Against this strange background, Peter meets Mark and Helen, a slightly older couple, new to town, whose wealth and glamour never fully conceal the suggestion of something sinister, and with whom he becomes quickly infatuated. Mark is a corporate lawyer in the process of negotiating a buyout of Global Solutions, and initiates Peter into the real, mundane (maybe) conspiracies of corporations and careers, while Helen—a beautiful and once prominent artist—is both the echo and the promise of the sort of woman Peter always imagined, or was always told he ought to find for himself.

As Peter climbs the corporate ladder, Johnny is pulled into the orbit of a mysterious local author, Winston Pringle, whose lunatic book of conspiracies seems to be coming true. As Johnny falls farther down the rabbit hole, the surreal begins to seep into the mundane, and the settled rhythm of Peter's routine is disrupted by a series of close encounters of third, fourth, and fifth kinds. By the time Peter sets out to save his friend from Pringle's evil machinations (and pharmacological interventions), his familiar life threatens to transform into that most terrifying possibility: a surprise.

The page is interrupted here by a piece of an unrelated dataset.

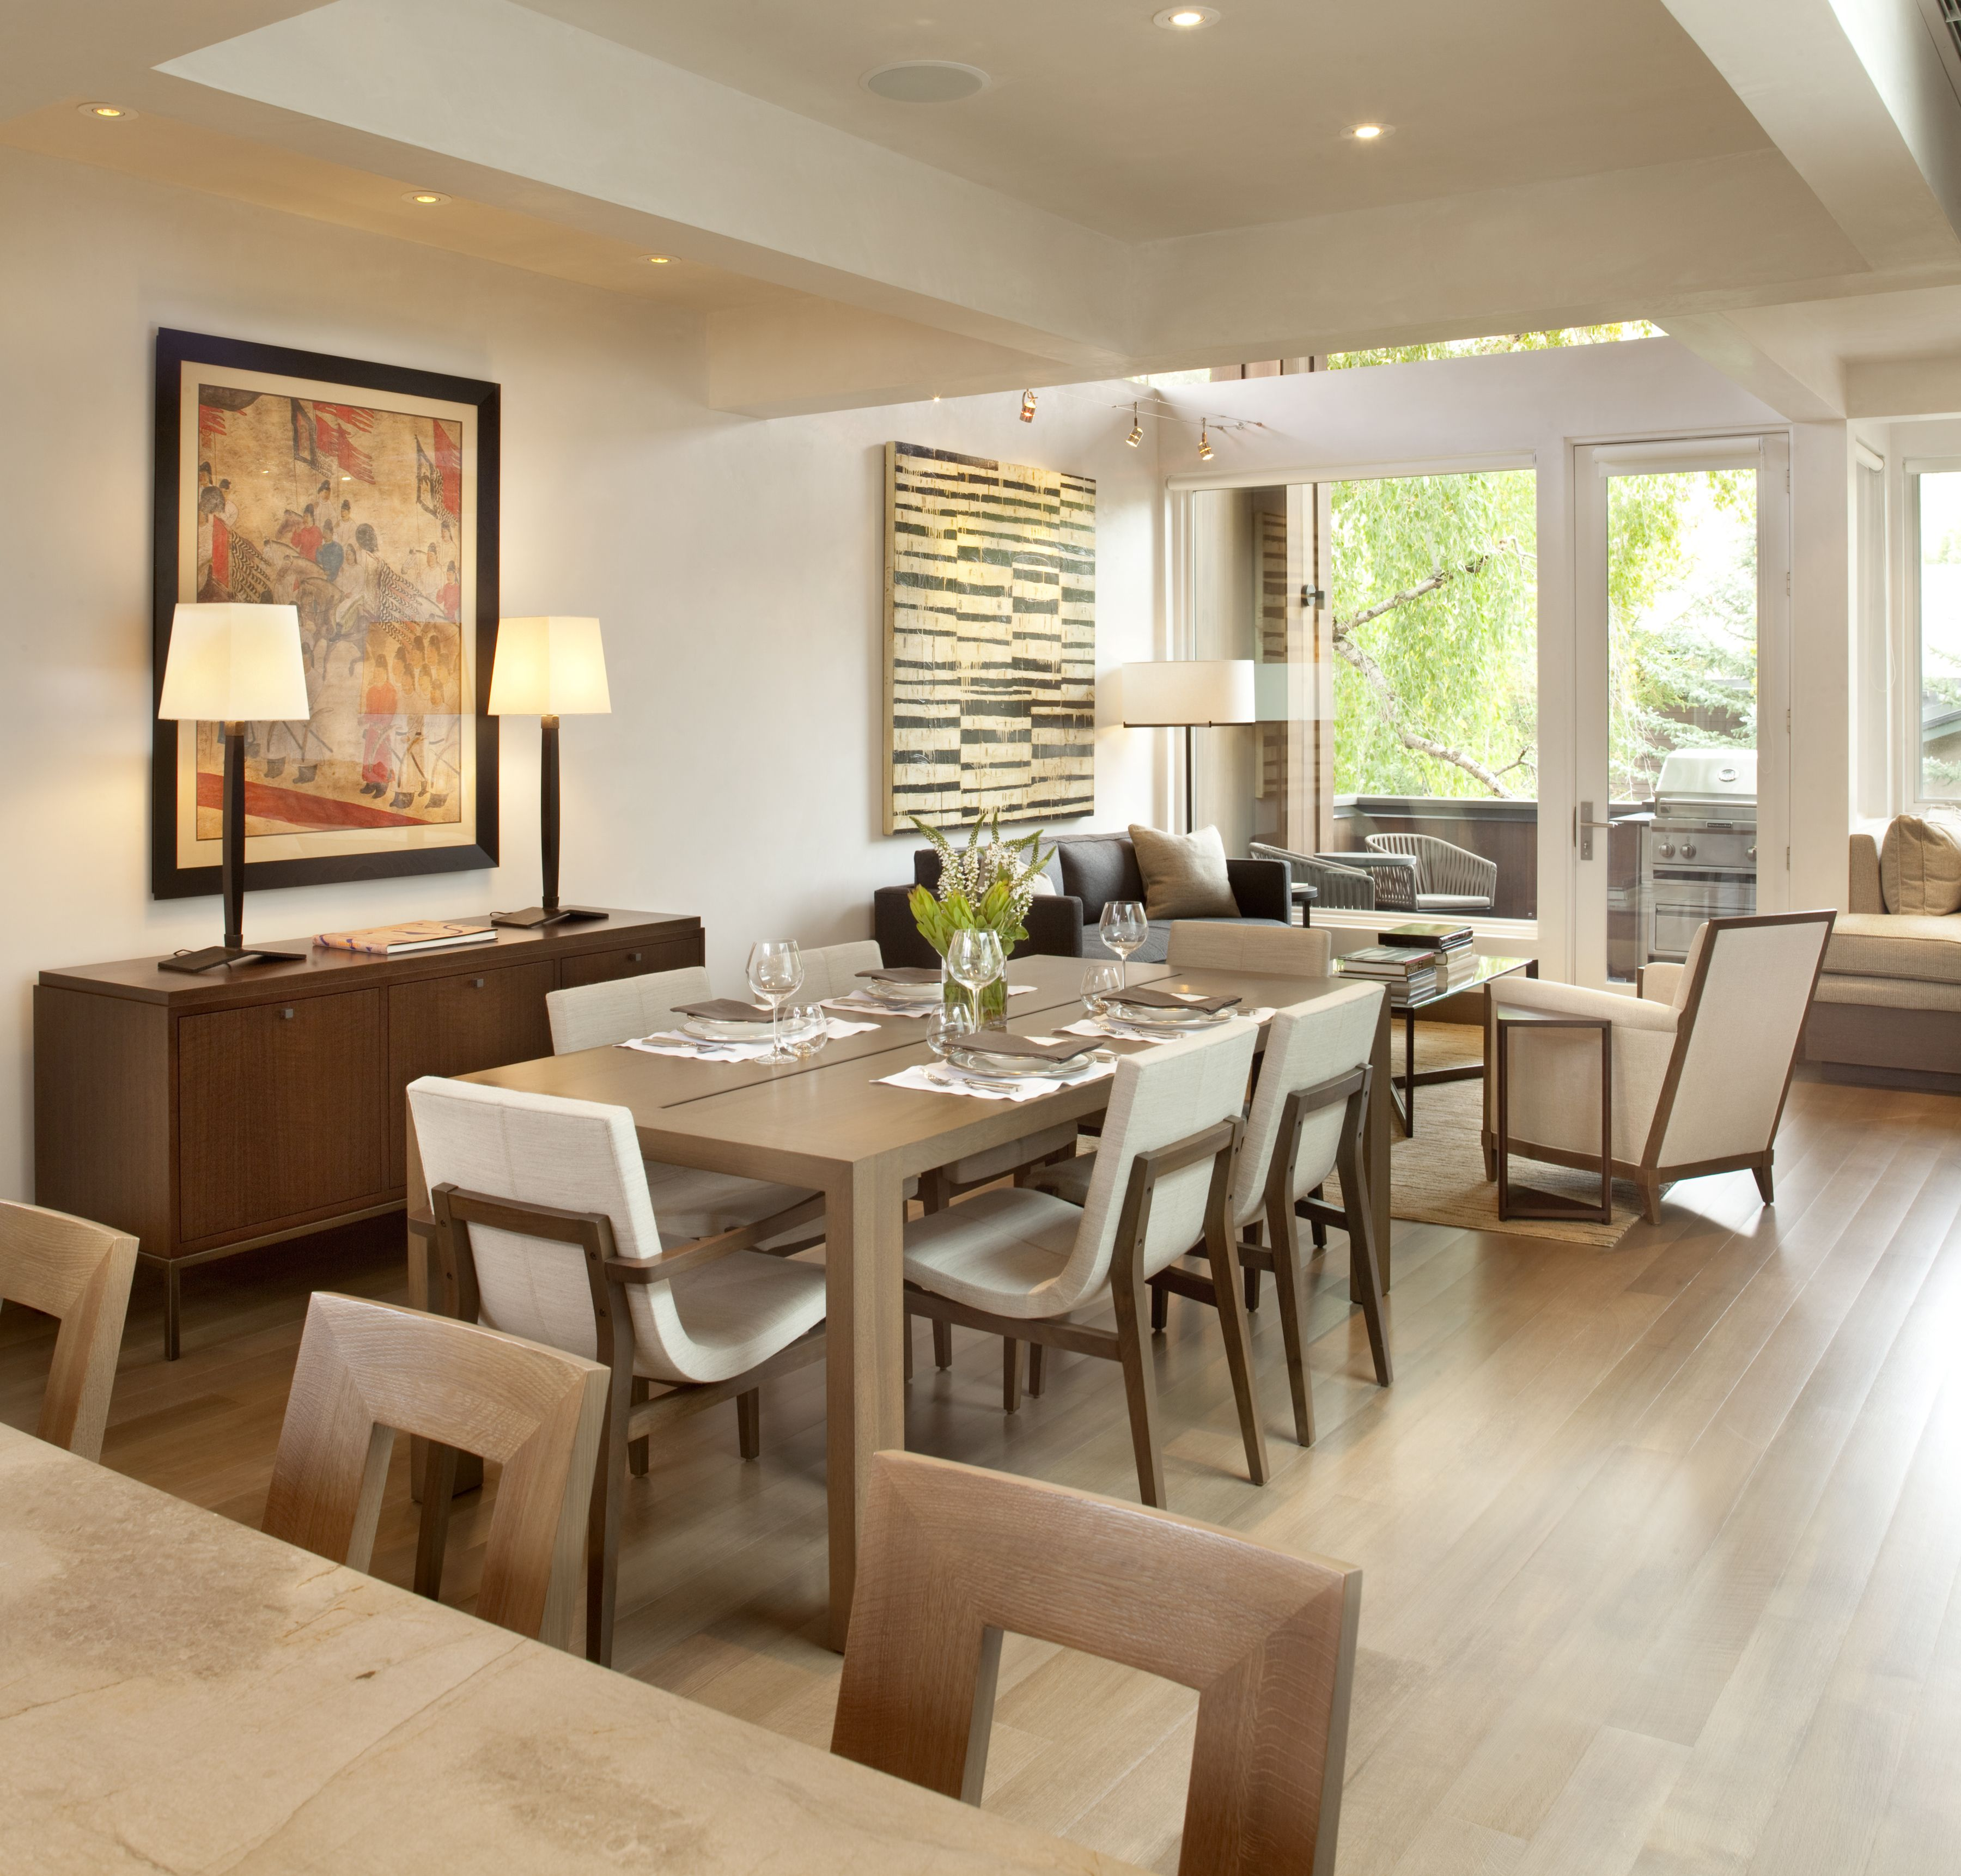 Caroline Edwards Interior Design, Troscan Dining Table, Holly Hunt Chairs.  Www.carolineedwards

In The Bend of the World Philip K. Dick meets Michael Chabon, and Jacob Bacharach creates an appropriately hilarious, bizarre, and keenly observed portrait of life on the edge of thirty in the adolescent years of twenty-first-century America.





About Jacob

Jacob Bacharach is a writer and nonprofit administrator living in Pittsburgh, Pennsylvania. He has a BA in English and creative writing from Oberlin College and an MBA from the University of Pittsburgh. He is not, to the best of our knowledge, a shape-shifting reptiloid or a descendant of the Merovingian dynasty. In his spare time, he cooks, rides bikes, and occasionally plays the violin badly. He prefers "experiencer" to "abductee." This is his first novel.